For the longest time, we’ve been holding our breath waiting for the Italian government to finally pull the plug on struggling Alitalia. But then, lo and behold, its main competitor Air Italy went and gave up the fight. What does this mean for Alitalia, and what can we expect from the flag-carrying airline now?
Alitalia’s 2019 was ‘better’
Alitalia has been on the brink of collapse for quite some time. Officially bankrupt since 2017, the airline has been on the receiving end of bailouts estimated to amount to some nine billion Euros, according to Reuters. The last handout was of some €400m ($433m) in December, which the Italian government says will be the very last.
Despite being unable to find a buyer for the airline, the Italian government can take some solace in the slightly improved results Alitalia achieved over the course of 2019. The airline’s end of year report shows that passenger revenue was up 1.7% and the numbers of long haul travelers improved by almost 5%.
In fact, compared to 2017 Alitalia’s long haul network grew by some 14.7%. Its intercontinental sector has increased in revenue for 26 consecutive months, with revenue up by 10% compared to 2018. The airline was the second most punctual in Europe over the course of 2019, suggesting things are improving operationally.

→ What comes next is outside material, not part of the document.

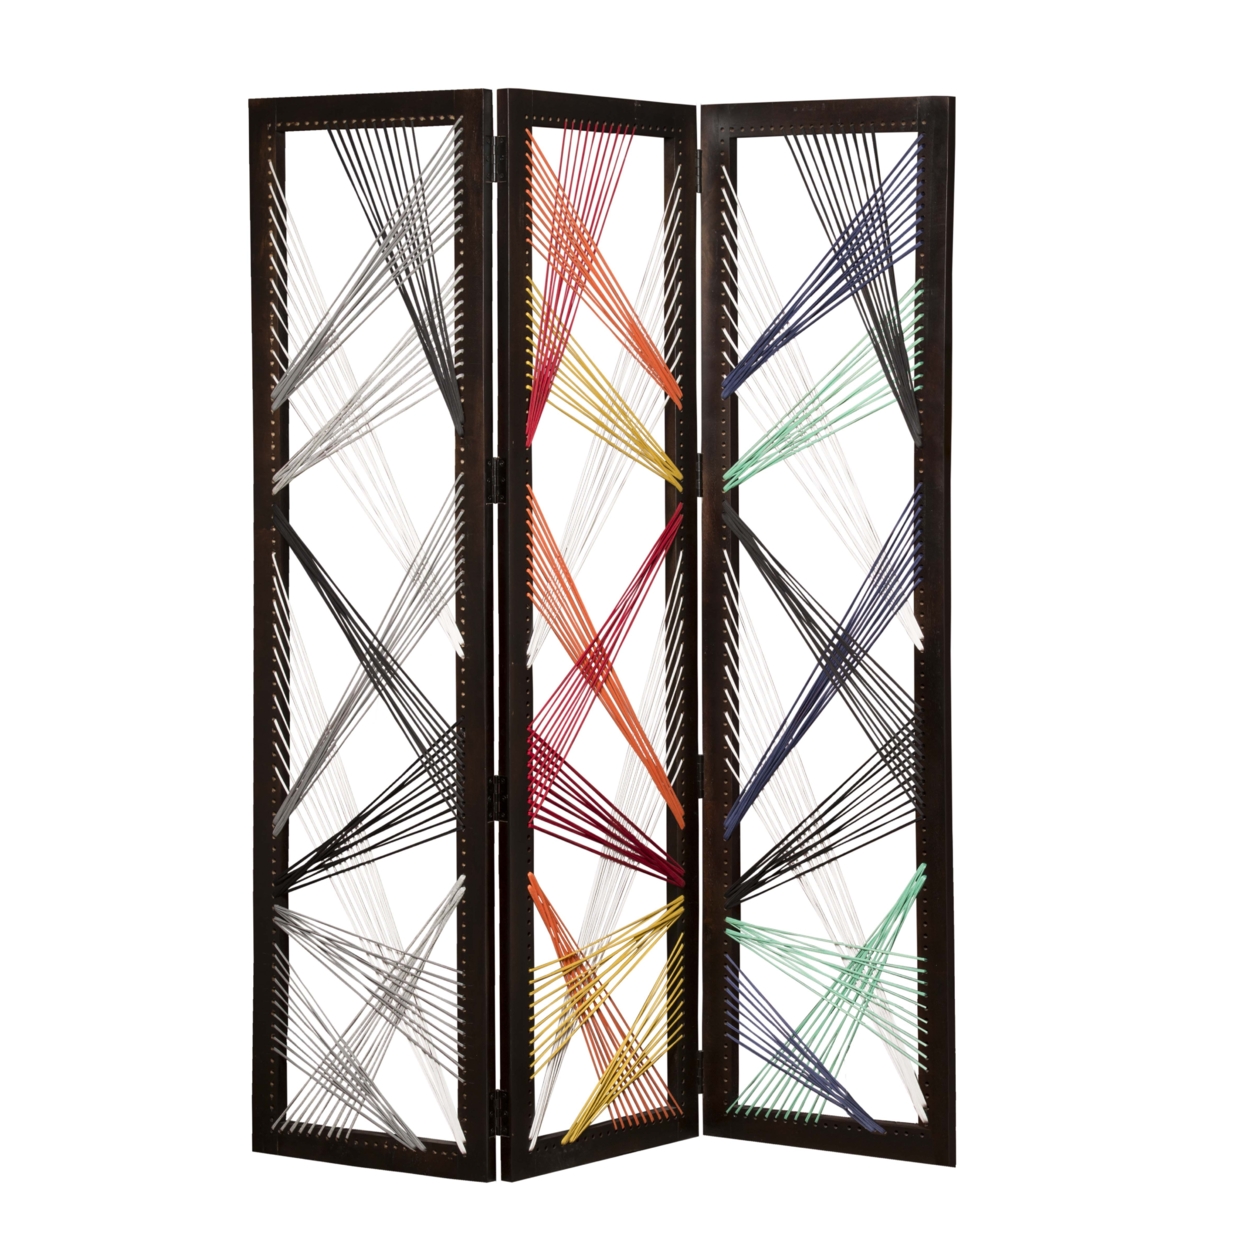 Contemporary 3 Panel Wooden Screen With Woven String Design, Multicolor- Saltoro Sherpi

With one of its main competitors now no more, could Alitalia turn things around and become a profitable airline in 2020?
Why can’t Italian airlines make a profit?
Anyone who’s ever attempted to get a photograph next to the Trevi Fountain or enjoy a romantic stroll past the canals in Venice will be acutely aware of just how popular Italy is as a tourist destination. CNTraveler pegs the annual overnight stays in the nation at more than 420 million, and it’s increasing every year.
With millions of visitors drawn to the culture, history and food of this fabulous country, why is it no Italian airline appears able to score a decent level of profitability? Clearly, the issue here is not the destination. United is adding its fifth Italian destination this May when it starts flying to Palermo, Sicily, and Delta too is beginning flights between Boston and Rome for the summer season.
Air Italy looked to Milan to provide the traffic to its network. The airline combined a robust domestic network with key long haul operations to cities including Miami, New York and Toronto. Despite what looked like a sound business plan, the airline lost money from the word go. While bad luck, such as the MAX grounding, certainly played a part, there was fundamentally something wrong with the airline’s business plan.
Some of its long haul routes were canceled before they even got started, others were dropped just shortly after launching. Mismanagement of route choices will have been costly for Air Italy, scuppering its long haul profitability while its short-haul successes were compounded by fierce competition from European low-cost carriers such as easyJet and Ryanair.
So while Air Italy is going to have to be chalked down to experience, could Alitalia capitalize on its more mature network and now decreased competition.
What’s in Alitalia’s future?
Make no mistake, Alitalia has some serious work to do before it’s out of the woods. The airline, which hasn’t posted a profit in over 15 years, has a window of opportunity offered up to it by the demise of Air Italy. But, it’s going to have to work hard to really capitalize on this break.
In some ways, Air Italy only existed to pick up the pieces of Italian aviation that were predicted to be left behind when Alitalia collapsed. The fact the plug has been pulled on Air Italy, while disappointing for the airline and its employees, is a strong indication that Alitalia is expected to be around for some time yet.